This consistency in bolometric luminosity estimation becomes particularly pertinent for sources at higher redshifts. At such distances, an instrument’s PSF might encapsulate emissions from the central regions and the periphery of galaxies, potentially complicating the task of distinctly resolving galactic structures. Despite these challenges, the IRX module demonstrates a steadfast capability to accurately estimate bolometric luminosities, demonstrating its effectiveness even when full galaxy photometry is employed. These observations highlight the utility of this module when the photometry accounts for the galaxy’s total emitted flux, extending its applicability to high-redshift observations.

4.4. α_ox in low-luminosity AGN

Our approach does not dictate a specific value for α_ox but instead facilitates the reconstruction of the modeled 2500,Å emission at its core to compare with the 2 keV emission. This methodology allows for examining the α_ox behavior within the modeled framework, offering predictions for the low-luminosity domain.

The fundamental premise of the α_ox–L_UV relationship is the interplay between 2 keV and 2500 Å emissions. Figure 18 illustrates this relationship and compares it with the linear correlations observed in both high- and low-luminosity regimes, as reported by studies such as Lusso et al. (2010), Just et al. (2007), and Xu (2011). Our analysis shows a shift towards lower UV luminosities at comparable X-ray luminosities. Although a linear fit approximates the overall trend, the residuals reveal significant scatter (σ ∼ 0.72). The equation for the linear fit to our data is as follows:

$$\begin{array}{c}\hfill log{L}_{\nu }(2\mathrm{keV})=(0.72\pm 0.09)\times log{L}_{\nu }(2500\mathrm{\AA })+(4.88\pm 2.13).\end{array}$$(6)

Fig. 18. Comparison of the relationship between 2 keV and 2500 Å emissions with Lusso et al. (2010), Xu (2011), and Just et al. (2007) data. Our linear fit is a solid blue line, with shaded regions being the uncertainties at 1-σ.

Figure 19 presents the α_ox relationship with UV and X-ray luminosities. In the QSO regime, a pronounced correlation exists between α_ox and UV luminosity, which is less apparent with X-ray luminosity. Lusso et al. (2010) found α_ox to loosely correlate with L_2500 Å, exhibiting more scatter with L_2 keV. Xu (2011) noted a similar pattern for L_2500 Å within the LLAGN regime, albeit with greater dispersion, while no distinct correlation emerged for L_2 keV. In the QSO regime, the predominance of UV photons, primarily from the big blue bump, over corona-generated X-rays domain the relation and determines the α_ox.

Fig. 19. Comparison of spectral index αox with 2500 Å luminosity (top) and two keV X-ray luminosity (bottom). The AGN sample by Lusso et al. (2010) is in red, the LLAGN sample by Xu (2011) is in yellow, and our values from the model LLAGN for each source are in blue.

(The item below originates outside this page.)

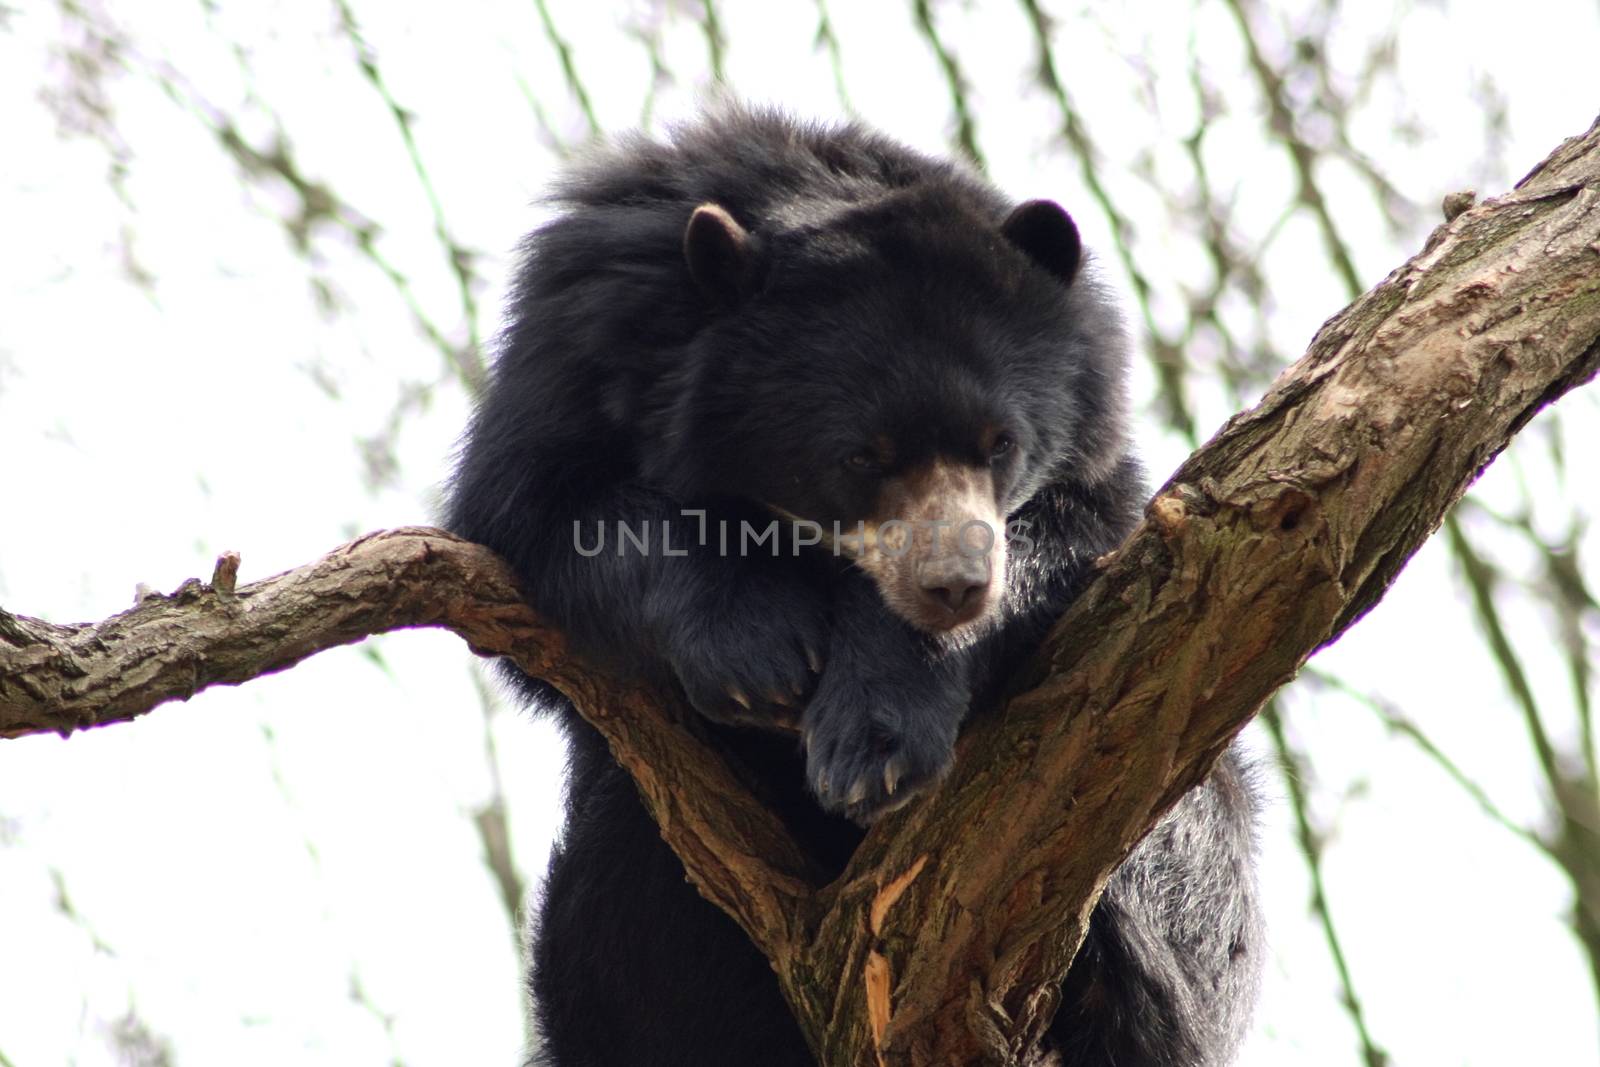 Spectacled bear (Tremarctos ornatus), sitting on a tree
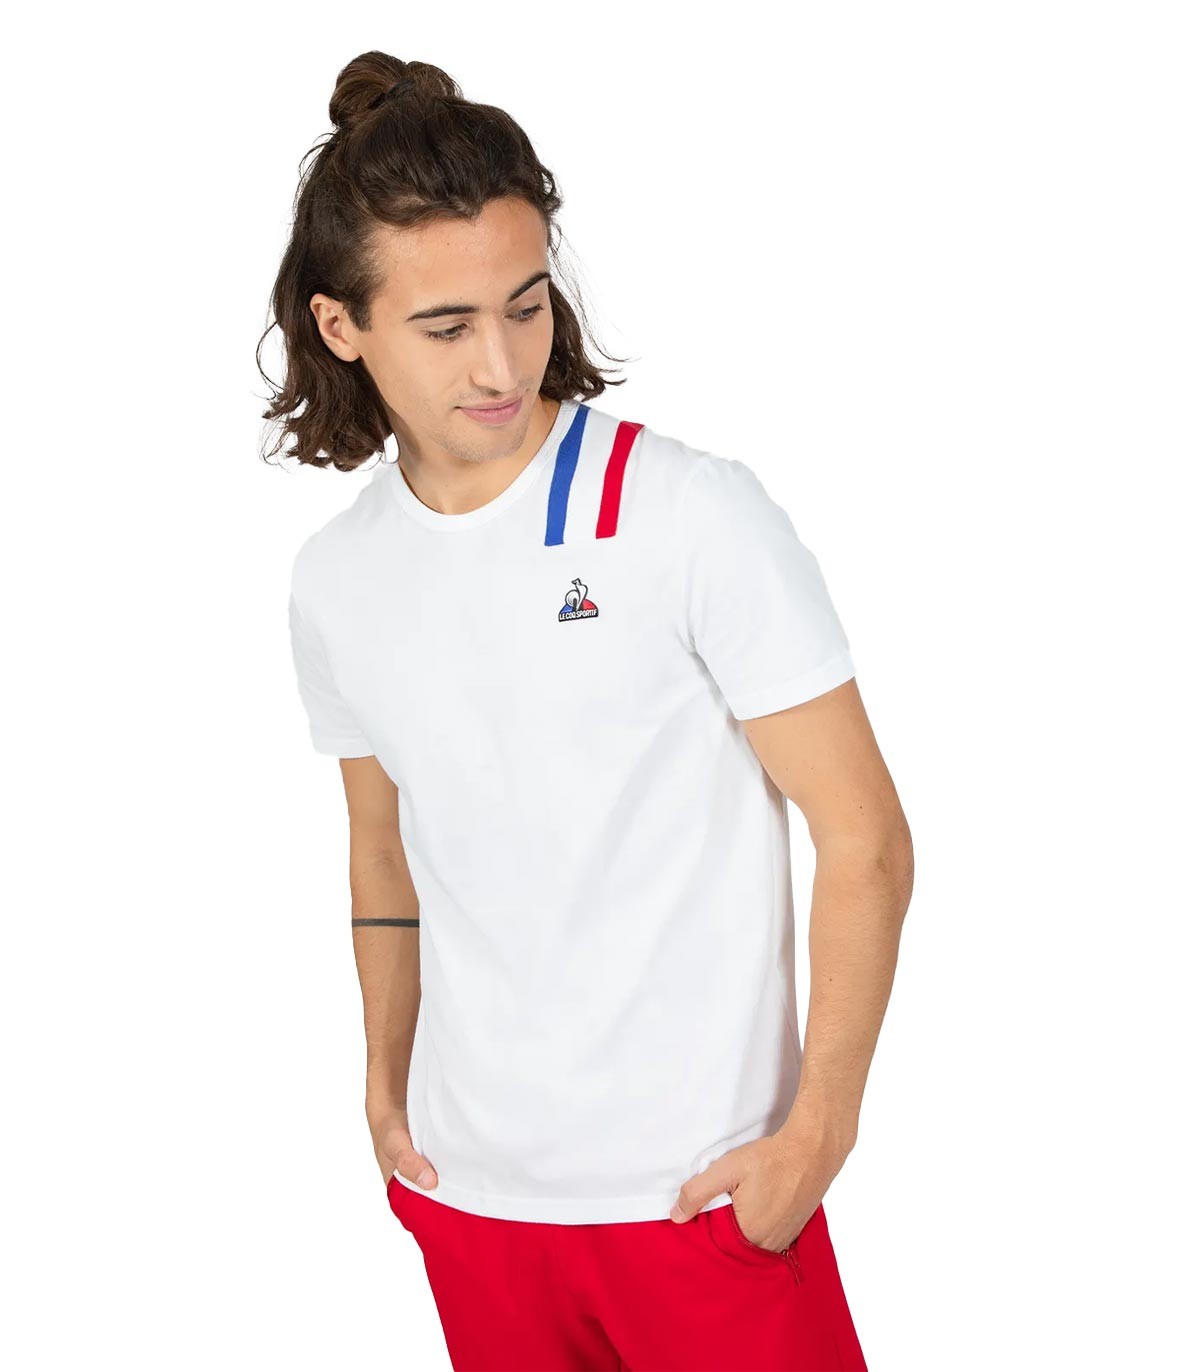 Le Coq Sportif - Camiseta Unisex Tricolore-Blanco - Blanco

Our findings in the lower luminosity range, as illustrated in blue in Fig. 19, uncover a weak correlation of α_ox with UV luminosity, characterized by a slope of 0.10 ± 0.03, and a slight inverse correlation with X-ray luminosity, indicated by a slope −0.06 ± 0.04. The dispersion of residuals in both cases is σ ∼ 0.27. The α_ox values in LLAGN primarily range between 0 and −1, covering four X-ray and UV luminosities magnitudes. Furthermore, our data straddle the extrapolated fit from Lusso et al. (2010) in the 2500 Å luminosity plane, suggesting that neither consistent nor variable behaviors can be conclusively dismissed, especially considering the margin of error.

While UV and X-rays exhibit correlation in the high-luminosity regime, the source of X-ray photons in low-luminosity AGN may not solely be a hot corona. ADAFs are known for their pronounced emission in hard X-rays. Hence, X-ray photons in this context could stem from various processes, including inverse-Compton scattering, but operating at disparate scales. This complexity could account for the observed significant dispersion in the L_2 keV–L_2500 Å relationship.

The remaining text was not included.